◆ To do
Please output every line of the material as it stands, without the pictures.

◆ Collected data
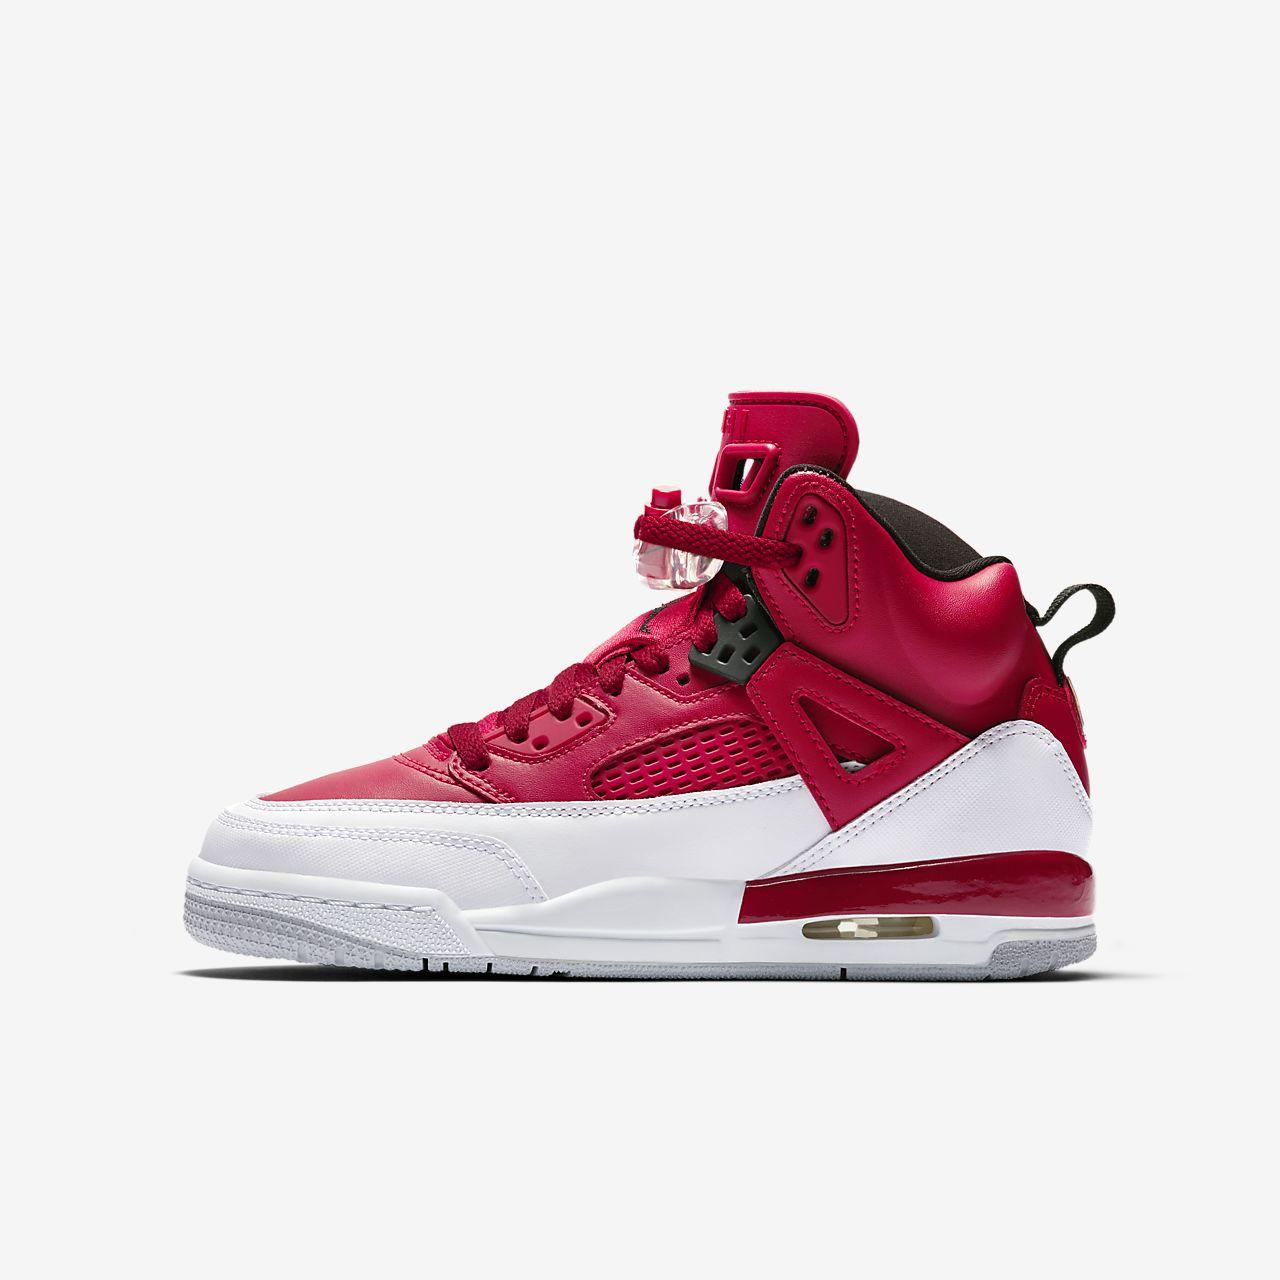 Jordan Shoes Spizike
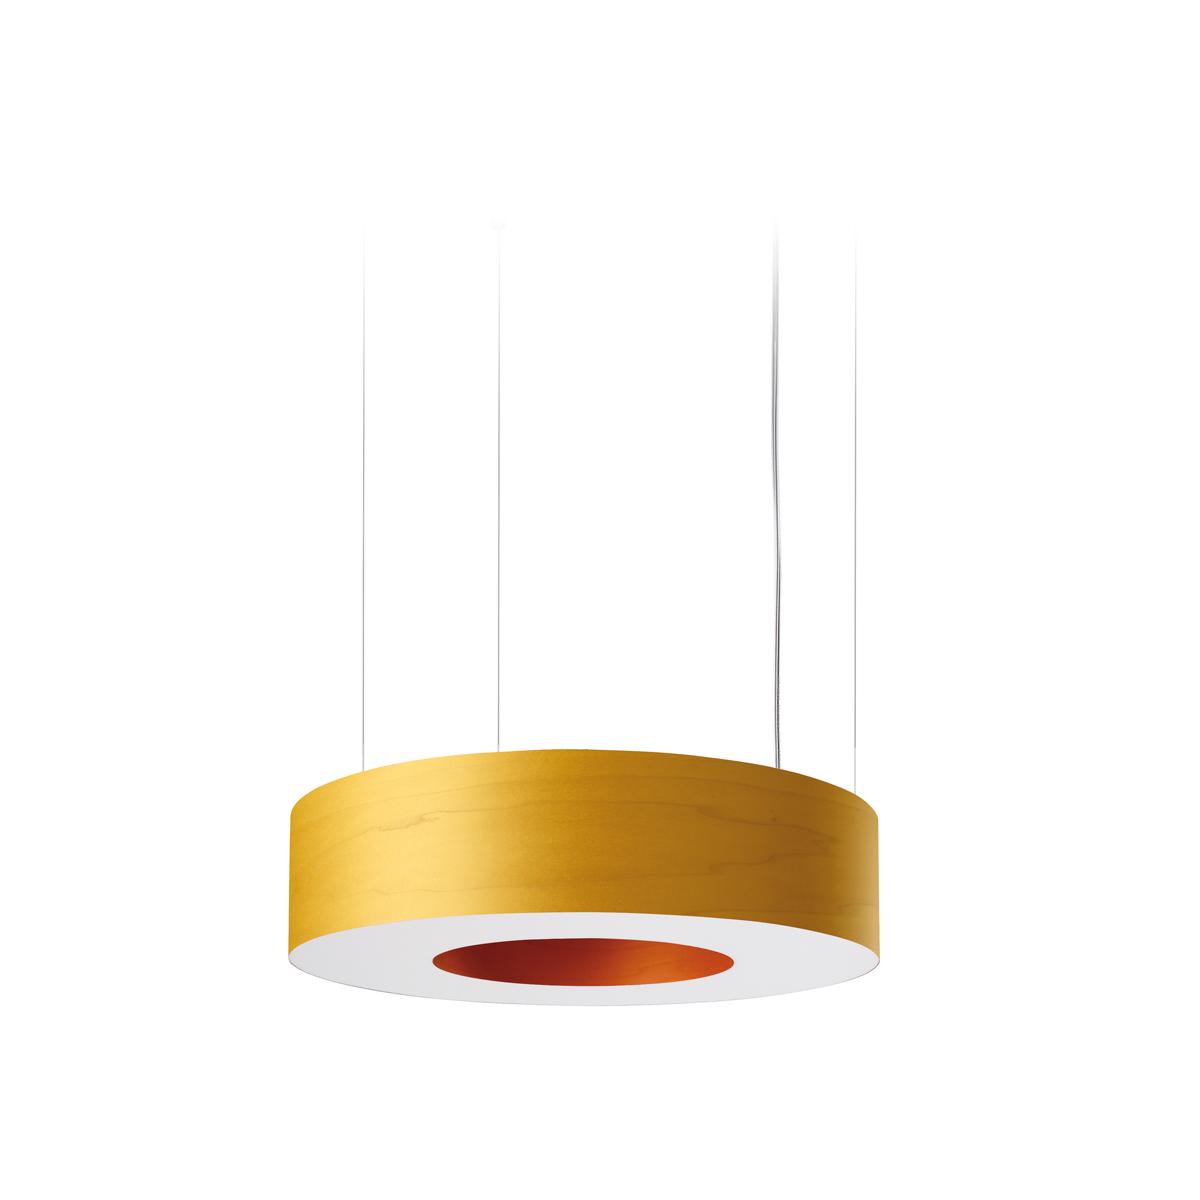 LZF Lamps Saturnia Small LED Pendelleuchte SAT SP LED DIM0-10V 24
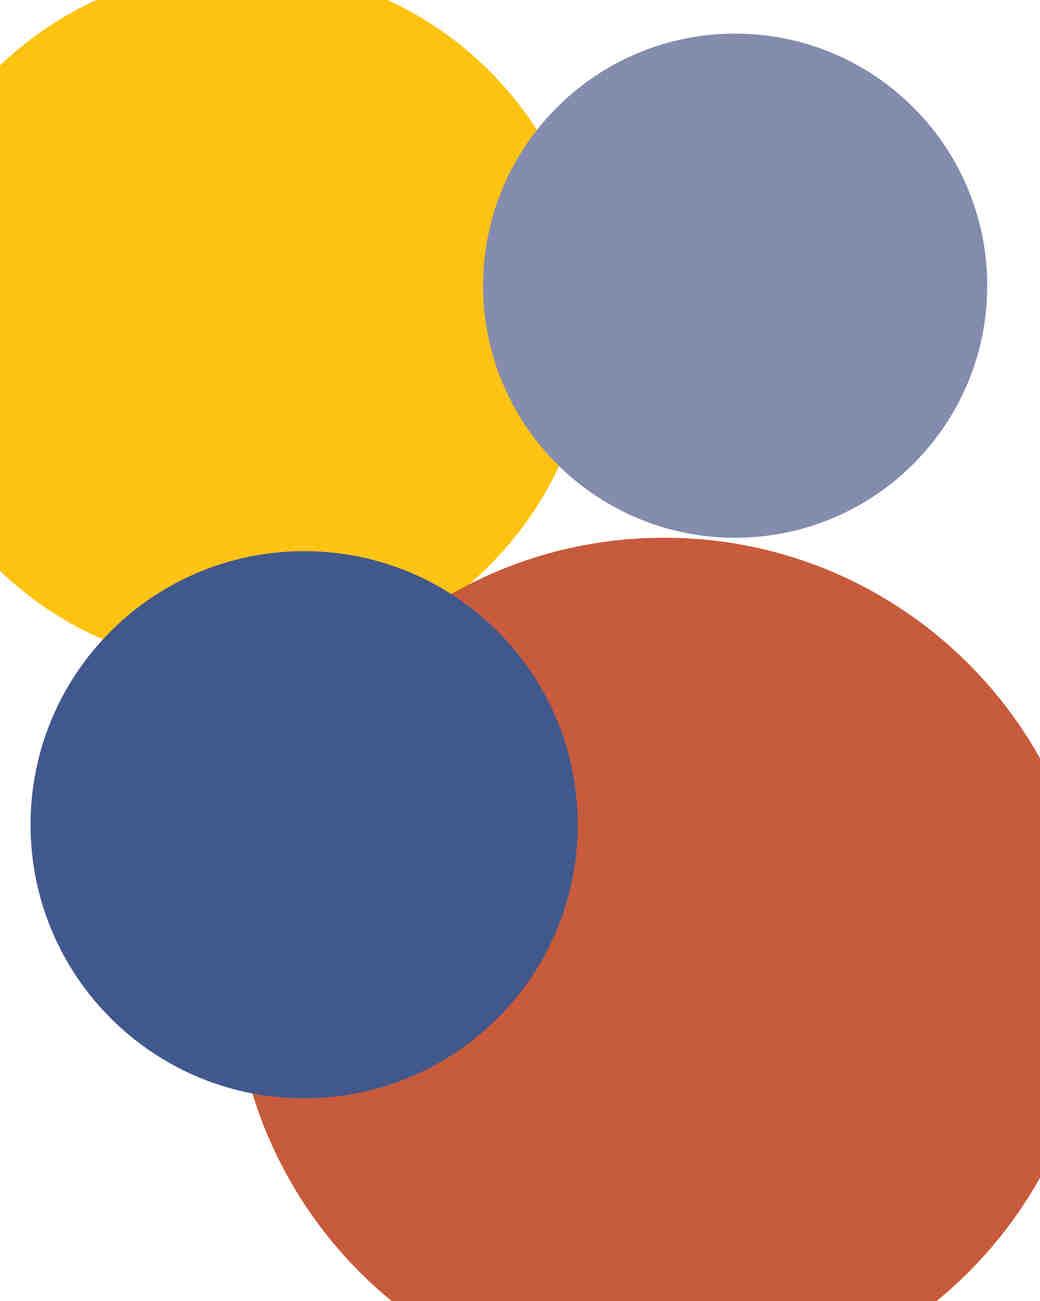 fall-wedding-colors-persimmon-gold-blue-0915.jpg

◆ Answer section
 Jordan Shoes Spizike
 LZF Lamps Saturnia Small LED Pendelleuchte SAT SP LED DIM0-10V 24
 fall-wedding-colors-persimmon-gold-blue-0915.jpg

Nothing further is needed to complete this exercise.